In effect, what Democrats said Friday was that in any case where the political pain caused by sequestration becomes unbearable, they will agree to cancel that particular piece of the bill while leaving the rest of the law untouched. The result is that sequestration is no longer particularly politically threatening, but it’s even more unbalanced: Cuts to programs used by the politically powerful will be addressed, but cuts to programs that affects the politically powerless will persist. It’s worth saying this clearly: The pain of sequestration will be concentrated on those who lack political power.
The Wall Street Journal reports that the pain has not been that unbearable anyway:
President Barack Obama warned in March that across-the-board budget cuts would lead to significant pay cuts and furloughs for "hundreds of thousands of Americans who serve their country."

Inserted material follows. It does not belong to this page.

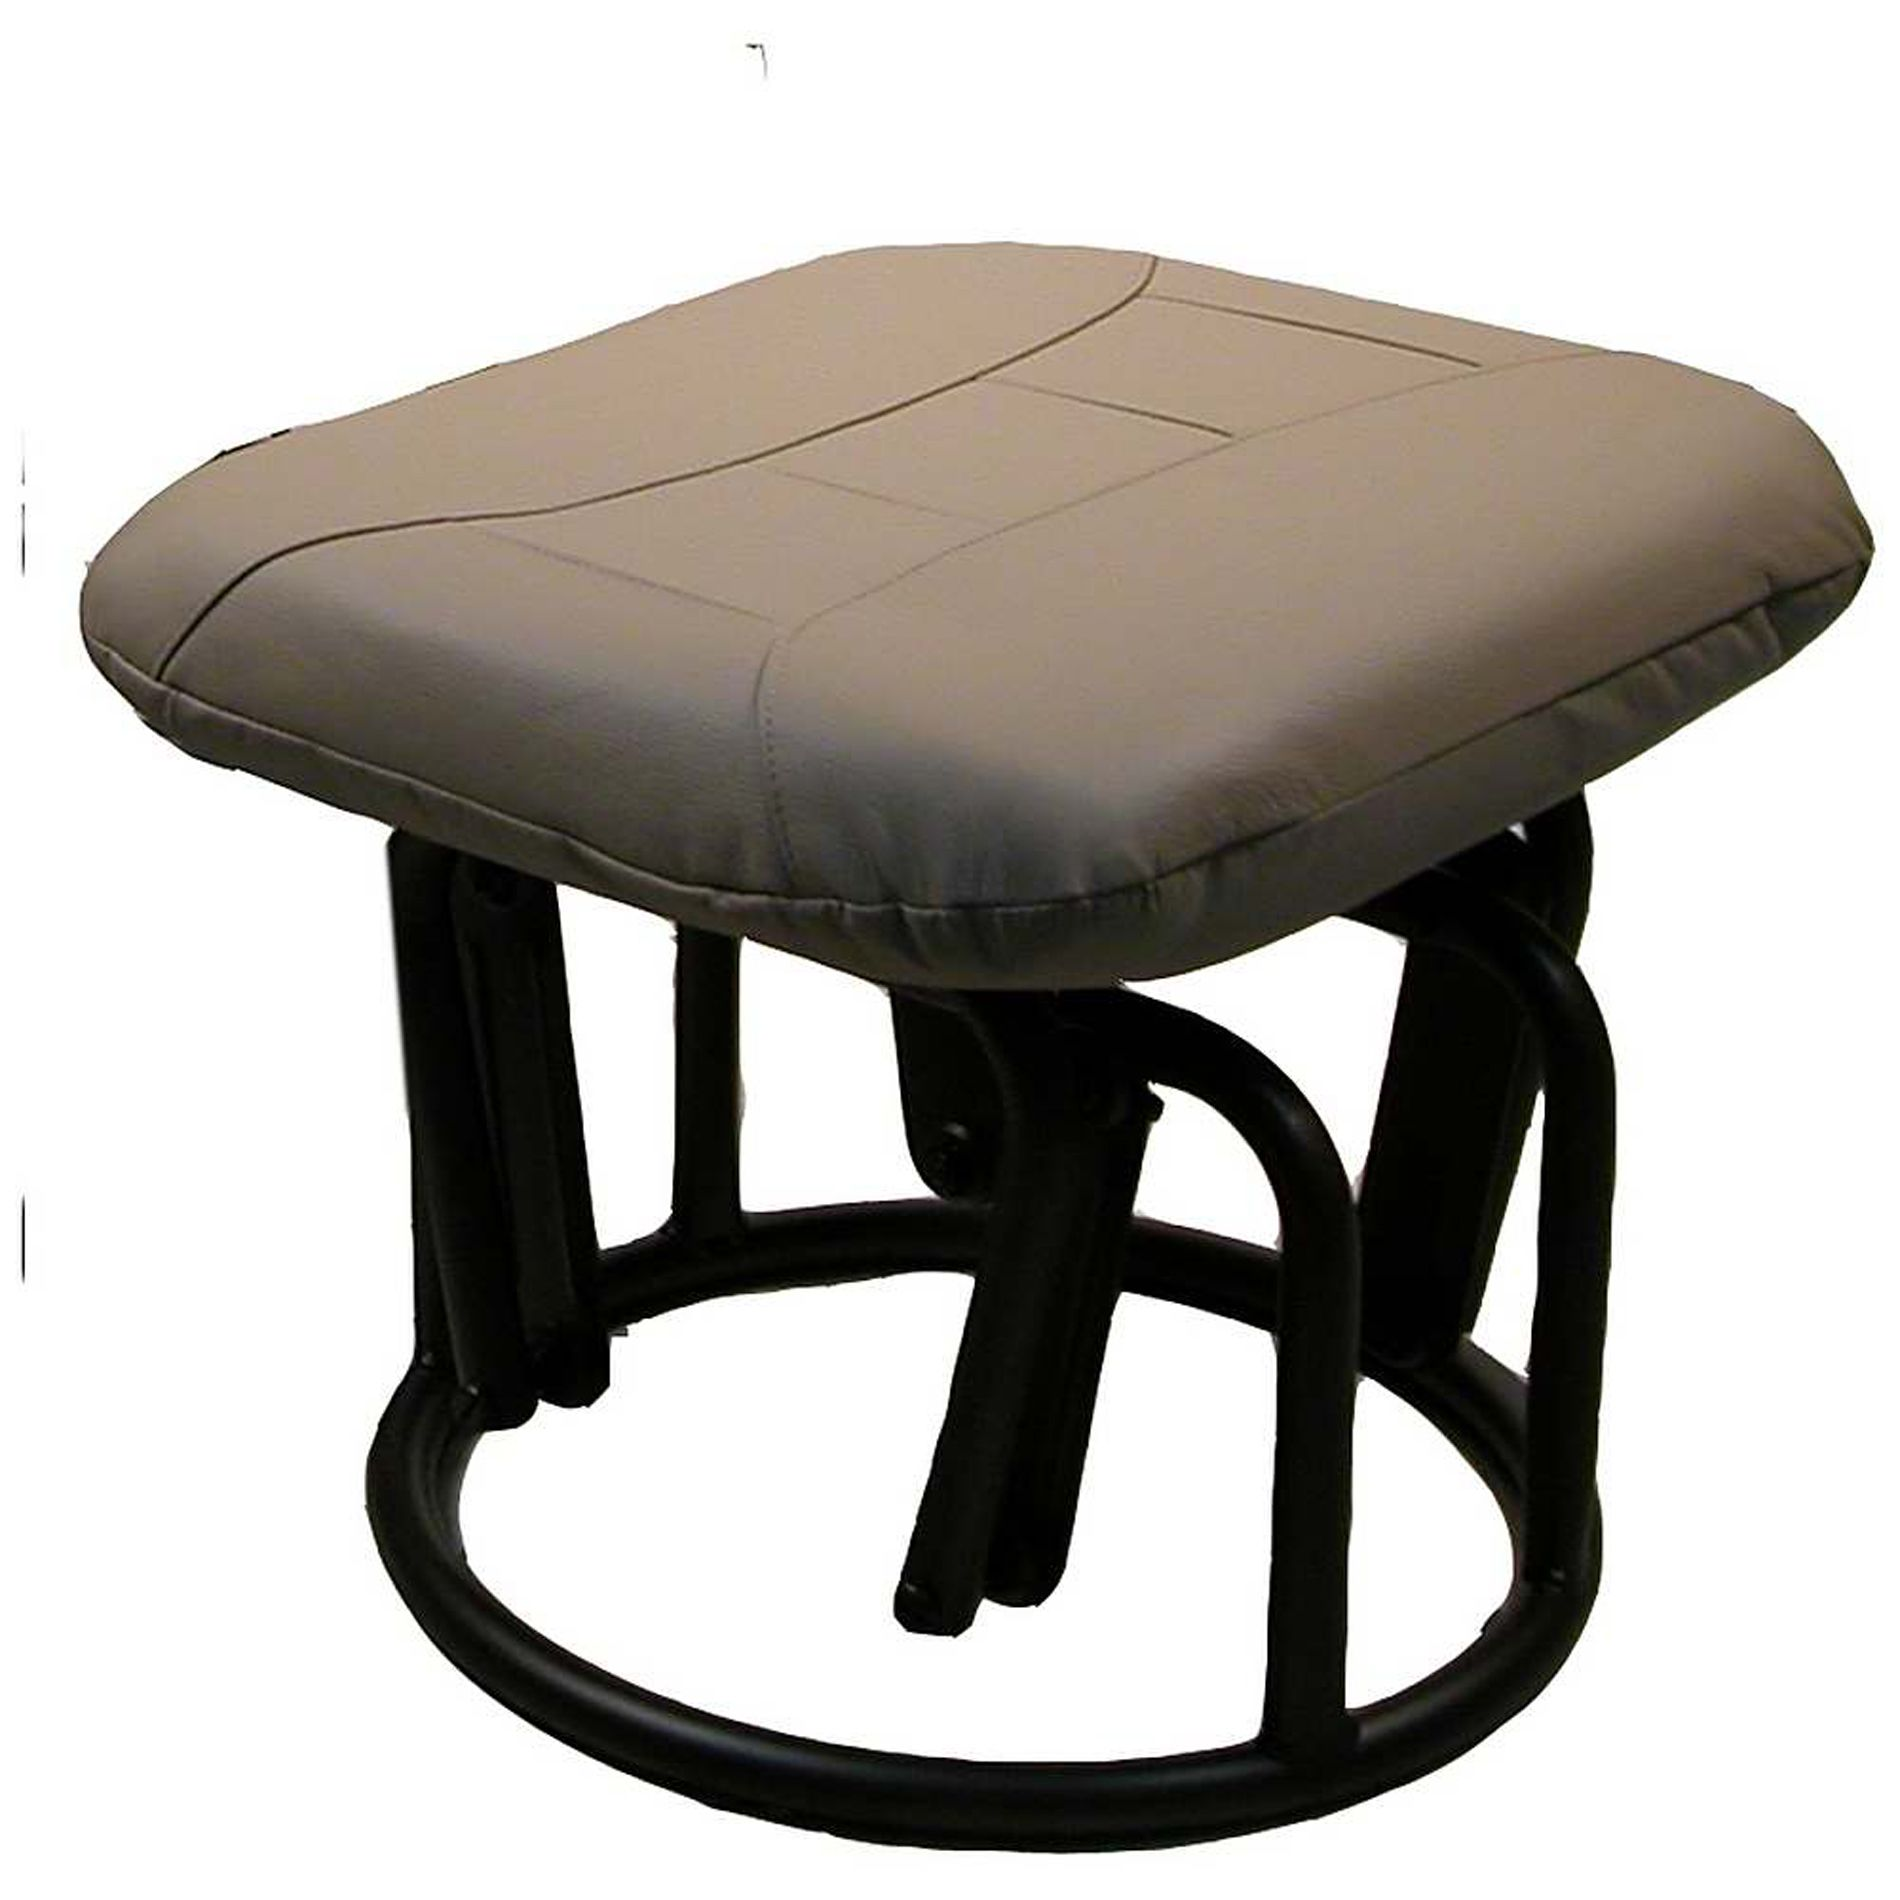 glider chair and ottoman canada wheelchair shower demare gliders rocker leather match cobblestone

The layoffs finally kicked in this week—most notably at the Federal Aviation Administration, where furloughs of air-traffic controllers led to flight delays—yet many agencies have found ways to make the required savings and have spared government worker paychecks.
Agency chiefs, under pressure from the public and federal-employee unions, have cut travel and contractor spending, trimmed office hours and delayed some furloughs, achieving dramatic reductions from some of the dire predictions officials made earlier this year.
That is in addition to changes made by Congress to give some departments more flexibility in making cuts, or exempting them altogether, including Department of Agriculture food inspectors, Transportation Security Administration officers and prison guards. The moves have delayed the anticipated reckoning for the federal workforce—for this fiscal year, anyway.
"The initial announcements in March were very threatening and damaging, but we've been engaged with these agencies to mitigate the damage to the front-line workforce," said Peter Winch, deputy director of field services and education at the American Federation of Government Employees, the largest federal employee union.